I have two functions, $f:\mathbb{Q}\to\mathbb R_+$ given by $f(x) = \frac{1}{5} \sin{\left (\pi x \right )} + 4 $, and $g:\mathbb{Z_+}\to\mathbb{Q}$ given by $g(x) = - \frac{7 x}{2}$. I needed to find the composite function $h(x)=f(g(x))$
and I got the following result: $\frac{1}{5}\sin \left(-\frac{7\pi x}{2}\right)+4$
I know that the function above is not injective since h[1] = h[5] but why isn't this function surjective?
It's not surjective because there are real numbers that you can't get as a result of this function. $\sin(y)$ is between $-1$ and $1$, so you can't get any result outside the range $[4-\frac15,4+\frac 15]$. In fact you can't get most results inside that range either, since $h(n+4)=h(n)$ means that it actually only takes four different values.
It's not surjective because it's a function between $\mathbb Z_+$ and $\mathbb R_+$. We know that $|\mathbb Z_+| < |\mathbb R_+|$, so there can't be any surjection from the smaller set to the larger.

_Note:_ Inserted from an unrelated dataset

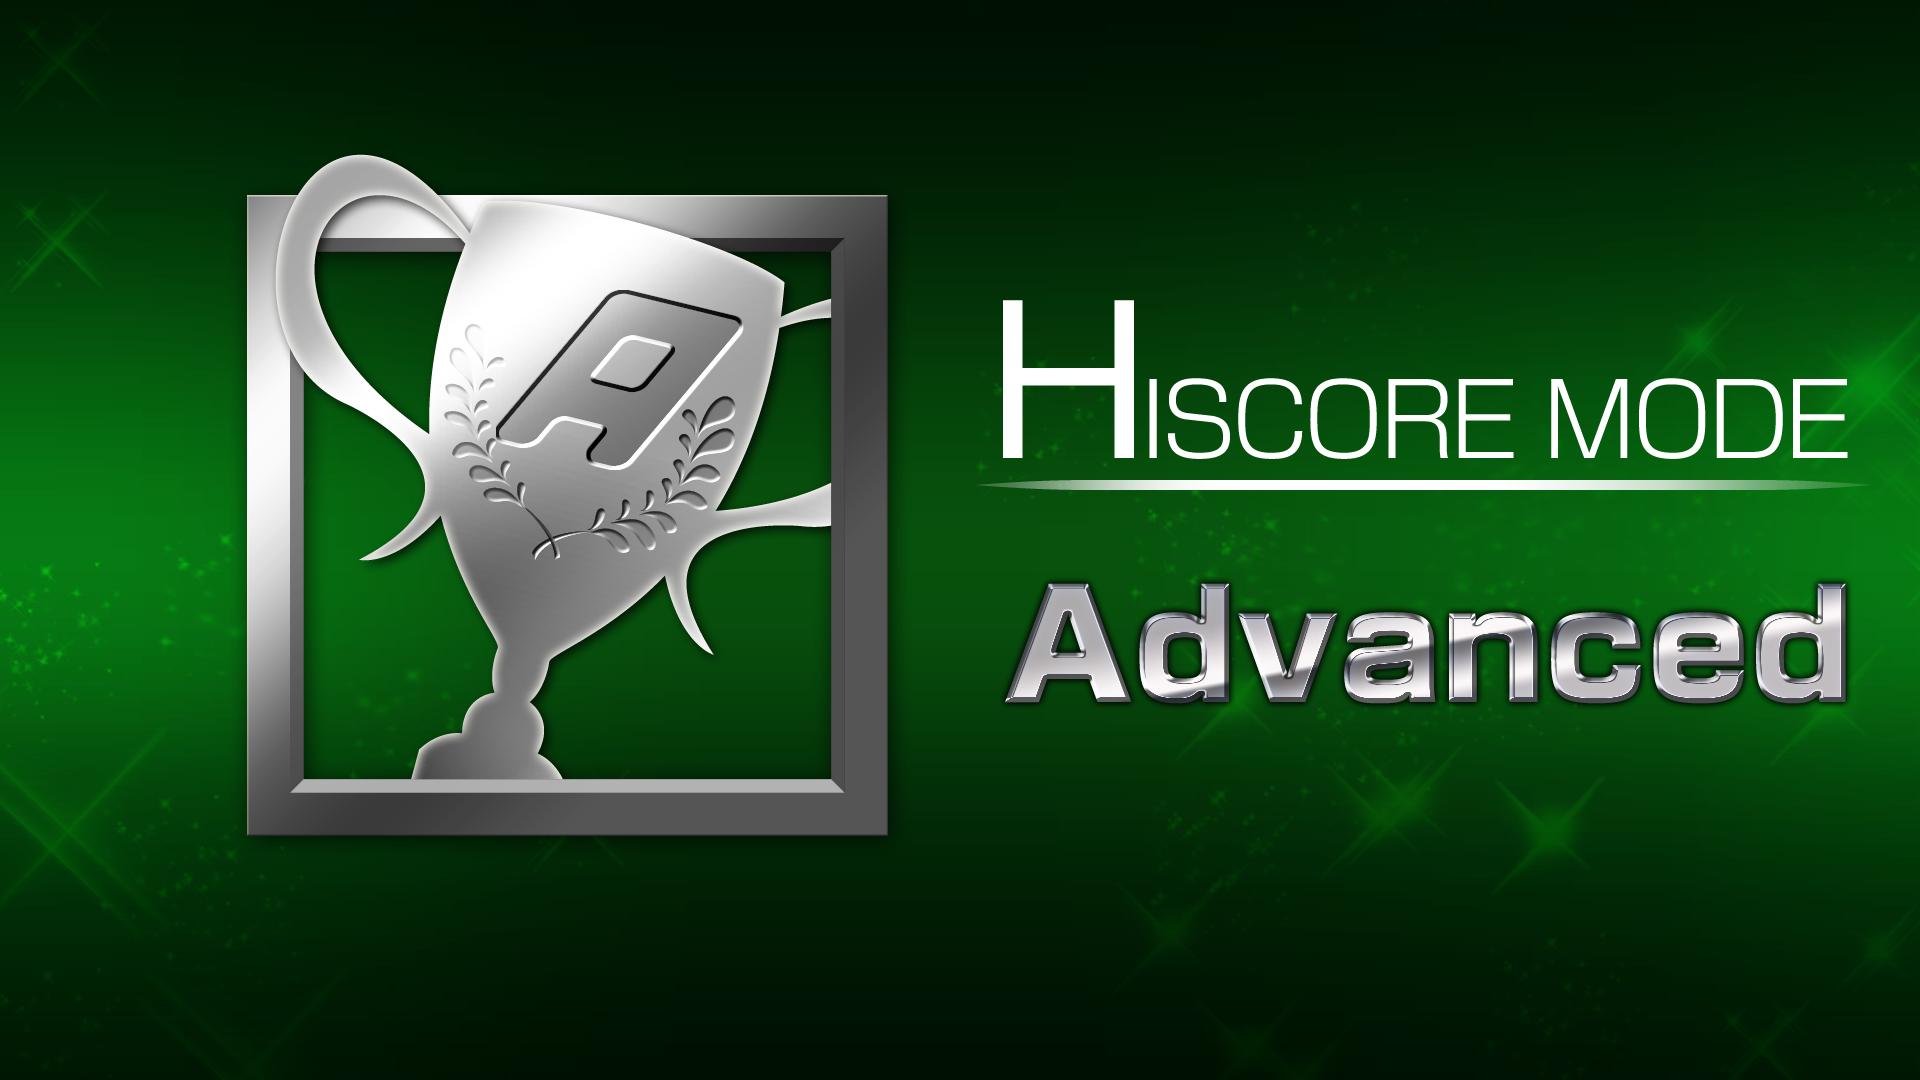 Icon for HI SCORE MODE 4 win(s)

Another way to actually show that your function is not surjective is to show that $f(g(x))\leq \frac92$, therefore there is no element $x\in\mathbb Z_+$ such that $f(g(x))=10$.
Hint. For all $x\in V\subset\mathbb{R}$ it holds that $$-1 \leq \sin(x)\leq 1$$ Hence we have that $$-\frac15+4\leq \frac15\sin(\pi g(x)) + 4\leq \frac15+4$$ and therefore $$\frac{19}{5}\leq f(g(x))\leq \frac{21}{5}$$
Now consider any value outside that range.
We have $h : \mathbb{Z}_+ \to \mathbb{R}_+$, a surjective function $h$ would for every $y \in \mathbb{R}_+$ have a $x \in \mathbb{Z}_+$ with $y = h(x)$.
This would mean that one could find an enumeration for $\mathbb{R}_+$, a surjective function $\varphi : \mathbb{N} \to \mathbb{R}_+$, which is not possible.
When you noticed $h(1)=h(5)$ (don't use square brackets for this), you may have noticed that actually $h(x+4) = h(x)$ for all $x$. Therefore the image of $h$ consists of $h(1)$, $h(2)$, $h(3)$, and $h(4)$ only. Since these are only finitely many values, they are not all of $\mathbb R_+$.
Indeed, you also have $h(2)=4=h(4)$, the image consists of three numbers.
It's because $\mathbb Q$ is countable while $\mathbb R$ isn't. Apart from the fact that the function is bounded you have that you misses values within it's bounds too, consider the equation:
$${1\over 5}\sin{-7\pi x\over 2} + 4 = {1\over 5}\sin C +4$$
has the solutions $-7\pi x/2 = \pi/2 \pm (\pi/2 - C)$ that is:
$$x = -{2\over 7 \pi} (\pi/2 \pm (\pi/2 - C) = -{1 \pm ( - 2C/\pi)\over 7 }$$
Now if $2C/\pi$ is irrational (for example $1/\sqrt{2}$) the solutions would be all irrational. This means the function don't take those values either.
Whether it is surjective or not depends on the codomain. You can define a codomain as a set of all possible real outputs and thus make the function surjective.
However, assuming most naturally the codomain is $\mathbb R$ (because we talk about real-valued functions) or $\mathbb R_+$ (because that's a codomain of $f$, which is external in the requested function composition), the function $h$ obtained is not surjective, because the sine function is bounded by $+1$, so the maximum value of $\frac 15\,\sin(anything)+4$ will not exceed $\frac{21}5$, hence $h$ values will not cover the range $(\frac{21}5,\infty)$, which is a subset of the codomain (either $\mathbb R$ or $\mathbb R_+$).